• [Work request]
The lines to reproduce from the material below are those from the one containing "Zonestar Z9V5Pro MK4" through the one containing "Today is Bunny Girls' Day in Japan", both included; write them out exactly and add nothing.

• [Excerpted data]
──────────
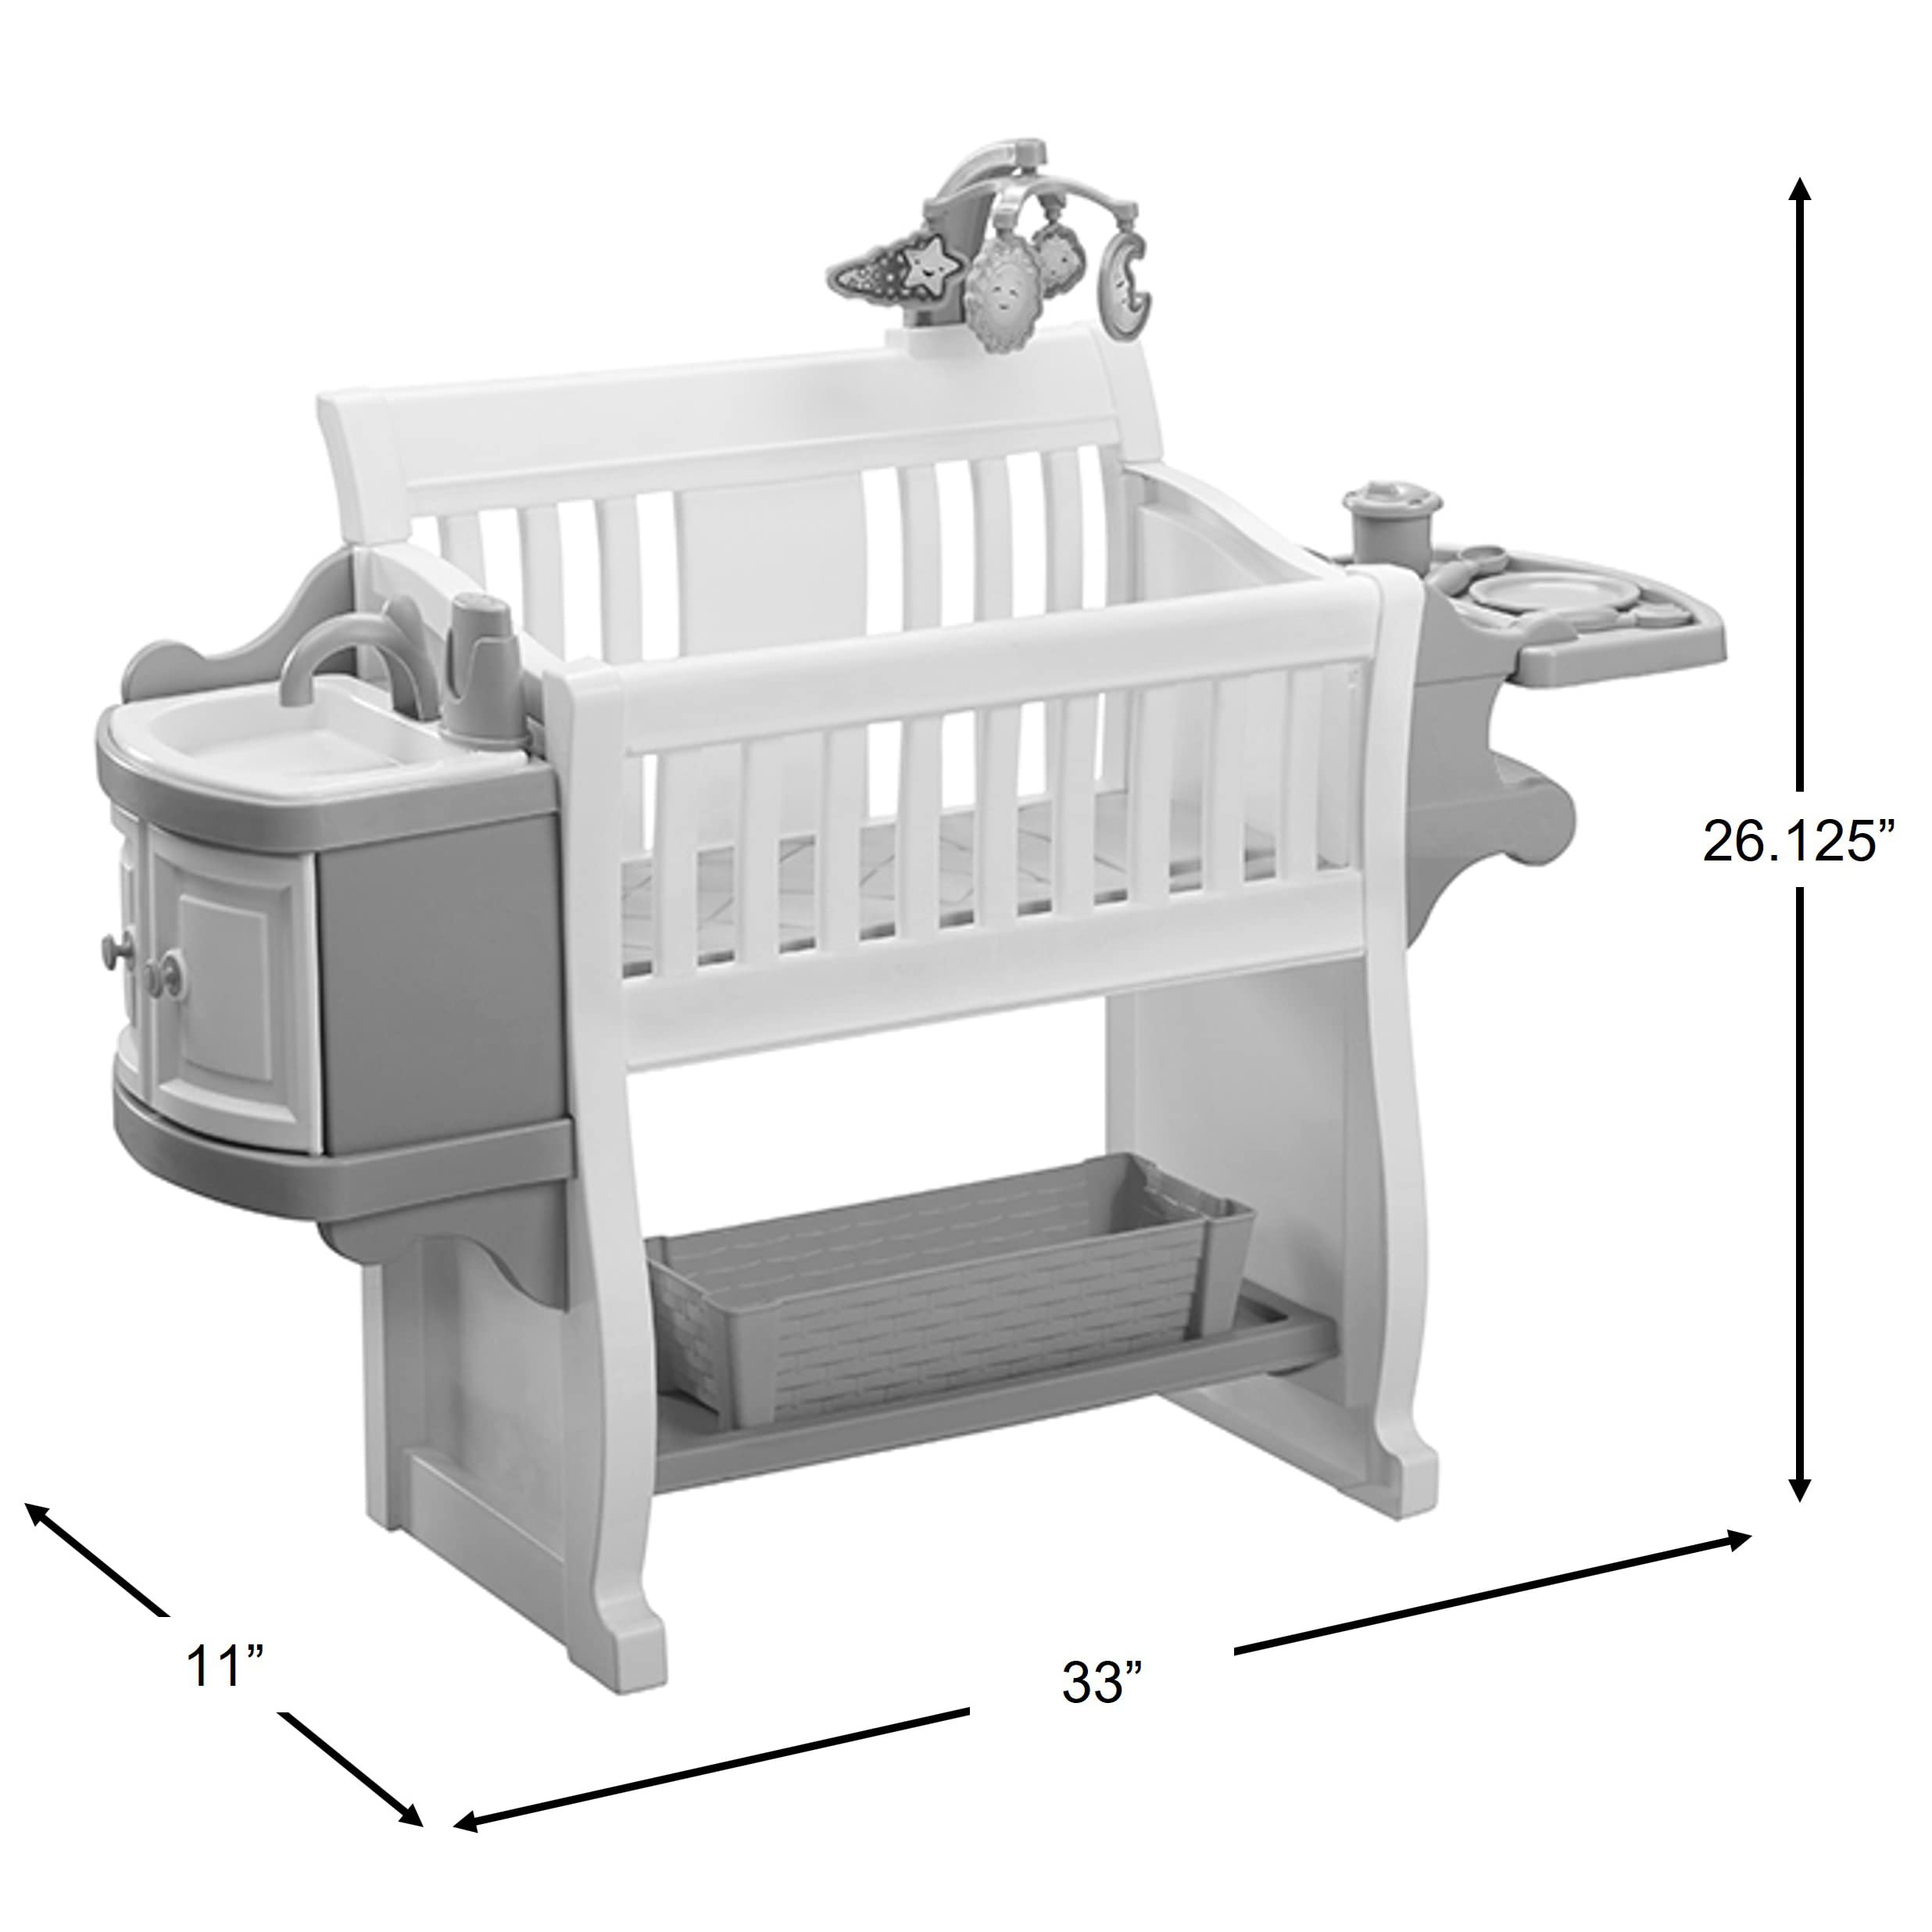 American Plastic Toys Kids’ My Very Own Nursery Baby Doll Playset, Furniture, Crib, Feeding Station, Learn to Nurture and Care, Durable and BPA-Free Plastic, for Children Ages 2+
──────────
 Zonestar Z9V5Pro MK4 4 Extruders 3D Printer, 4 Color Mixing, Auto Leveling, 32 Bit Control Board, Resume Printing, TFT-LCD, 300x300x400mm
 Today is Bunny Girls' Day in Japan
──────────
• [Exercise result]
 Zonestar Z9V5Pro MK4 4 Extruders 3D Printer, 4 Color Mixing, Auto Leveling, 32 Bit Control Board, Resume Printing, TFT-LCD, 300x300x400mm
 Today is Bunny Girls' Day in Japan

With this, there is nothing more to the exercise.